JP3346157B2 - Alloyed hot-dip galvanized steel sheet with excellent chipping resistance - Google Patents

Description

DETAILED DESCRIPTION OF THE INVENTION

[0001]

BACKGROUND OF THE INVENTION 1. Field of the Invention The present invention relates to a galvannealed steel sheet having excellent chipping resistance.
In particular, a coated steel sheet having a coating applied to its surface is suitably used for an automobile body or the like.

[0002]

2. Description of the Related Art Alloyed hot-dip galvanized steel sheets have high weldability,
Because of its excellent paintability and corrosion resistance after painting, it is mainly used for automobile bodies. Especially in cold climates, a car is driven while jumping up snowmelt salt particles or pebbles sprayed on the road, but when these particles collide with the body surface, a so-called chipping phenomenon occurs and it is applied to the body. The peeled coating film and plating layer are peeled off, leading to a decrease in corrosion resistance and a deterioration in appearance. In other words, when pebbles collide with the surface of a coated steel plate coated with a coating film, the impact energy generated at that time is transmitted to the coating film and further to the plating layer and the base steel plate under the coating film, and the coating film and the coating layer Peeling occurs.

Therefore, various proposals have been made to avoid such a chipping phenomenon. For example, as a typical countermeasure against chipping, lowering the baking temperature after painting, based on the idea that if the hardness of the coating is reduced and softened, impact energy due to pebbles etc. can be absorbed in the coating,
A method such as using a coating film containing a soft paint is employed. However, when the coating film is softened by these methods, there is a problem that the surface is apt to be scratched, and the method of blending a soft paint causes an increase in cost. Furthermore, as a general property of the coating film, its hardness tends to increase with a decrease in the environmental temperature. Therefore, even when the above-described softening treatment is performed, especially during running at a low temperature, it is as expected. The impact energy absorption effect of
At present, the occurrence of the chipping phenomenon is inevitable.

[0004] Alternatively, Japanese Patent Publication No. 7-62226 discloses a steel sheet in which the amount of the alloy layer is controlled in relation to the average thickness of the Γ phase in the alloy layer in order to prevent chipping and the like and improve low-temperature impact adhesion. Proposed. Stipulated in this gazette.
When the total plating amount is calculated based on the relational expression between the phase thickness and the alloy layer amount (total plating amount), and the Γ layer thickness (0.6 to 1.35 μm), the lower limit value is 39.6 g / m ² . Become. That is, according to the above-mentioned publication, the minimum amount of plating required to absorb the impact energy at the time of chipping is 39.6 g / m ² . However, on the plating side where chipping occurs,
Generally, the amount of plating is reduced to about 30 g / m ² in consideration of plating peeling during processing, cost, and the like, and the steel sheet described in the above publication does not satisfy the required characteristics. Accordingly, there is a strong demand for providing a plated steel sheet having good chipping resistance even when the plating amount is as small as about 30 g / m ² .

[0005]

SUMMARY OF THE INVENTION The present invention has been made in view of the above circumstances, and an object of the present invention is to maintain good appearance and corrosion resistance and to reduce the chipping phenomenon even when the plating amount is small.
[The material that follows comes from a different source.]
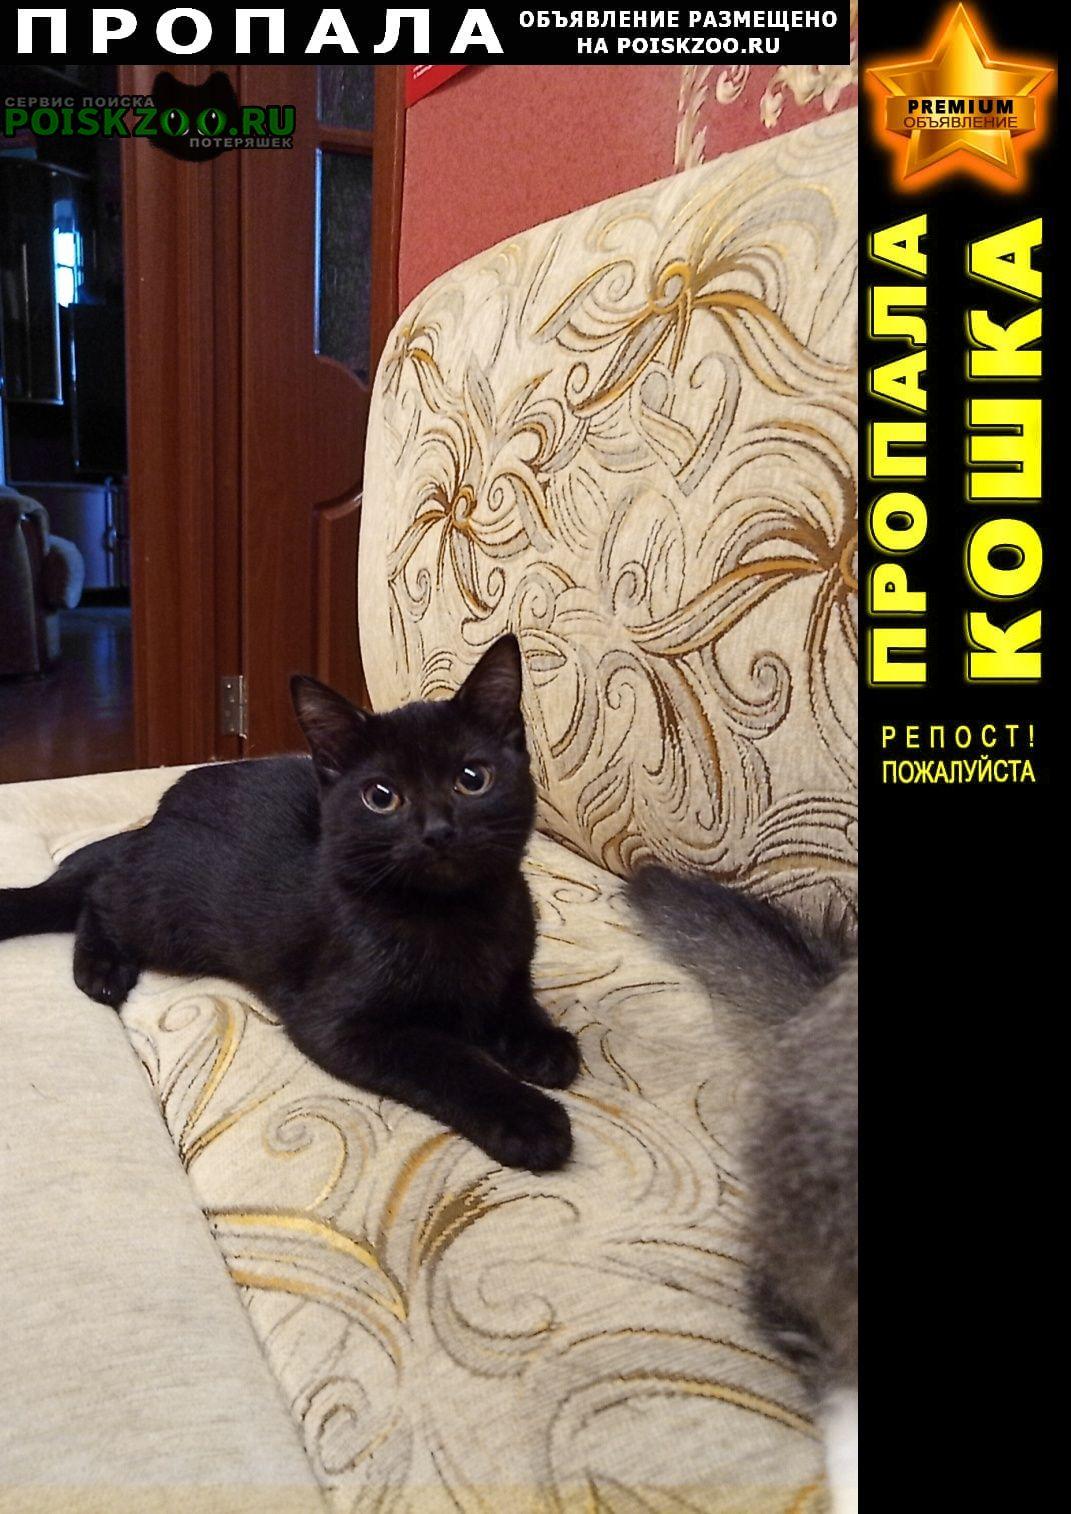 Пропала кошка Северодвинск

It is an object of the present invention to provide an alloyed hot-dip galvanized steel sheet that can be efficiently prevented, particularly, has excellent chipping resistance at low temperatures.

[0006]

The alloyed hot-dip galvanized steel sheet of the present invention which can solve the above-mentioned problems is defined as the average thickness of the Γ phase in the coating layer (hereinafter abbreviated as [TΓ]). ): 2.0 μm or less, and the center line average roughness (Ra) of the plating layer surface is 3.0 μm or less, and [T · Γ] and Ra are represented by the following formula (1). The gist lies in that a coating film is formed on the surface of the galvannealed steel sheet satisfying the above. [T · Γ] × Ra ≦ 1.5 (1) Further, an alloyed hot-dip galvanized steel sheet serving as a base material for obtaining the coated steel sheet is also included in the scope of the present invention.

[0007]

BEST MODE FOR CARRYING OUT THE INVENTION In order to provide an alloyed hot-dip galvanized steel sheet having excellent chipping resistance, the present inventor has described in detail the coating peeling portion caused by the chipping phenomenon and the plating layer peeling portion inside the coating. Study was carried out. As a result, as a form of peeling by chipping, when the entire plating layer including the coating film is peeled from the base steel sheet (hereinafter referred to as A-type peeling), the plating layer does not peel from the base steel sheet but only the coating film is removed. There are two types of peeling from the plating layer (hereinafter, referred to as B-type peeling), and it has been found that these peeling occur at the same time, although the size of the peeled portion differs. Furthermore, A
When the mold release and the B-type release are compared, in the case of the B-type release, the coating film is peeled off, but the plating layer still covers the base steel sheet, so that the rust-preventive force of the plating layer is maintained, whereas A
In the case of mold release, since the plating layer applied directly on the base steel sheet is separated, the base steel sheet is directly exposed to a corrosive environment. As a result, rust is immediately generated on the surface of the base material, which significantly reduces the appearance and promotes perforated corrosion of the steel sheet. Therefore, in order to prevent peeling due to chipping, it is extremely important how the degree of A-type peeling can be suppressed as compared with B-type peeling.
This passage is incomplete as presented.